20 The Crown asks specifically that the reference be to the Assessment Officer in Toronto. No reason has been suggested for the making of such an order; accordingly I would decline to make it.
21 I would therefore refer the costs of the respondent to an assessment officer to be assessed on a basis of substantial indemnity.
22 WEILER and GOUDGE JJ.A.:-- We have read the reasons on costs by our colleague, Austin J.A. and entirely agree with him that this qualifies as an exceptional case in which the quantum of costs of the appeal should be assessed rather than fixed by the court.
23 With great respect, however, we differ as to the scale of those costs.
24 While the trial judge appropriately exercised his discretion to fix costs of the trial on a solicitor client basis, in our view the proper scale of costs for the appeal is the lesser scale of what is now known as partial indemnity.
25 We agree that many of the considerations affecting costs at trial remain relevant, in particular that this case is about a serious breach of fiduciary duty which although it is not continuing, took place over many years and affected people who had significant disabilities.
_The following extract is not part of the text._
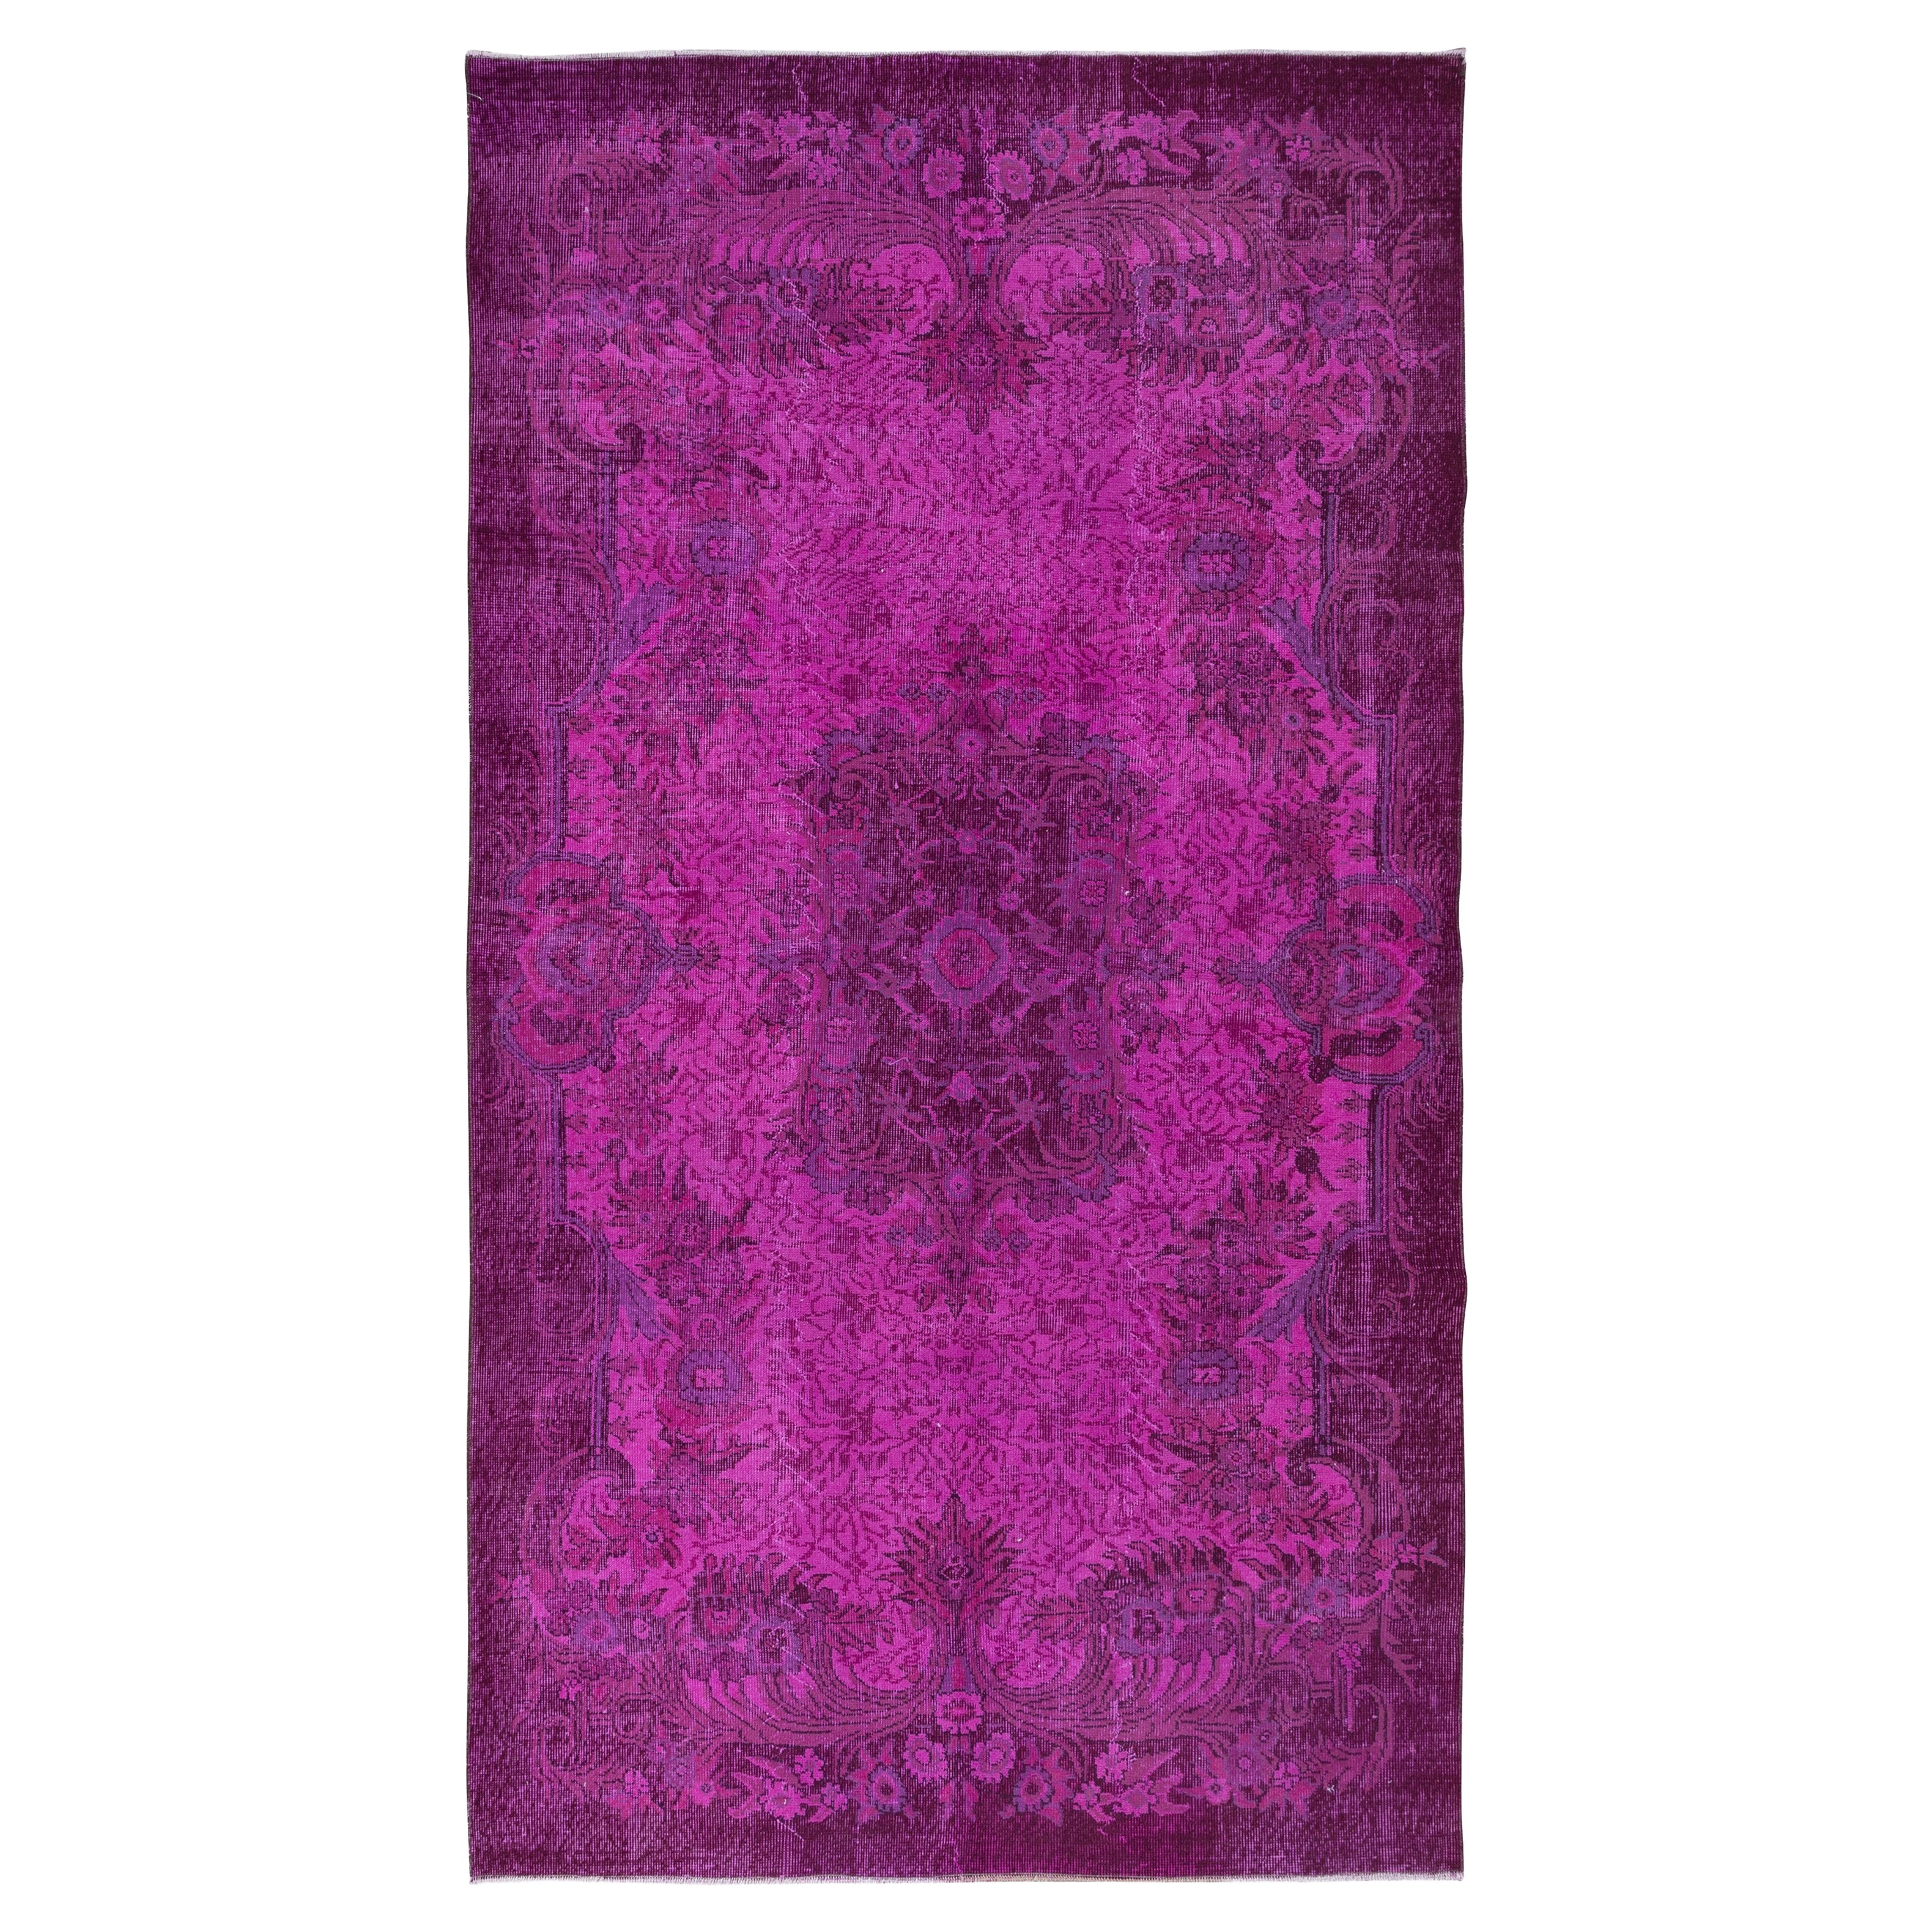 5.4x9.7 Ft Splendid Handmade Pink Area Rug, Modern Turkish Living Room Carpet
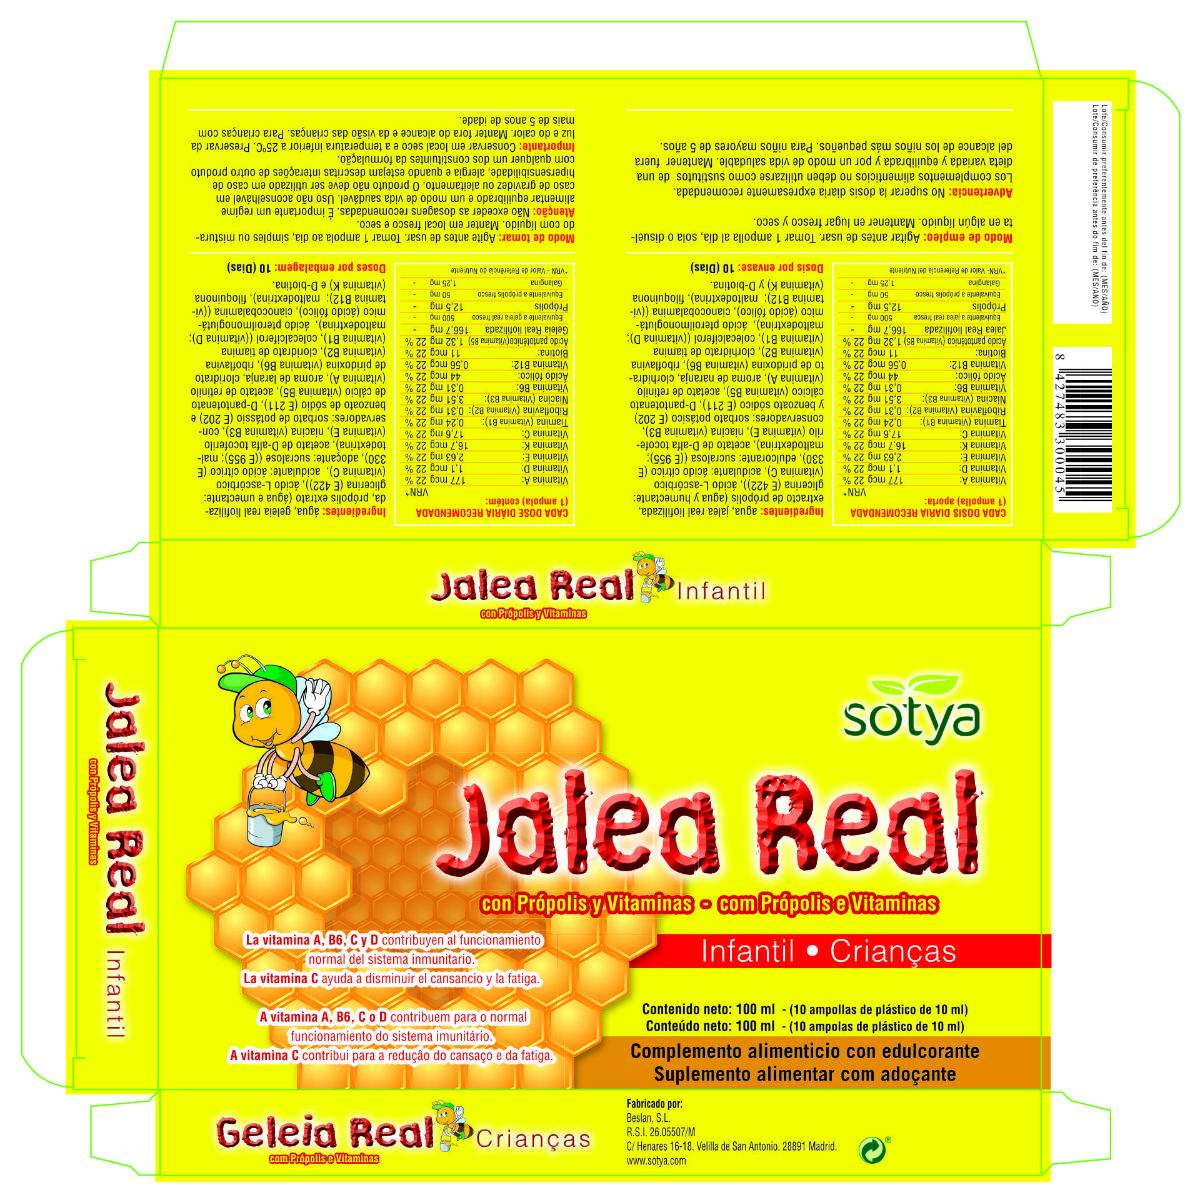 Jalea Real Infantil 20 Ampollas | Sotya - Dietetica Ferrer

26 However, in our view, one new factor is sufficiently different that, in the particular circumstances, the lower scale is warranted: namely, that the appellant raised a number of serious and important issues of law warranting consideration by this court. In our view, a fiduciary seeking to make legitimate use of the appellate process ought not to face the automatic cost consequences of the higher scale. The focus is no longer entirely on the fiduciary's pre-appeal conduct. We would therefore order that costs of the appeal to the respondent to be assessed on a partial indemnity basis including the costs of the motion before McMurtry C.J.O.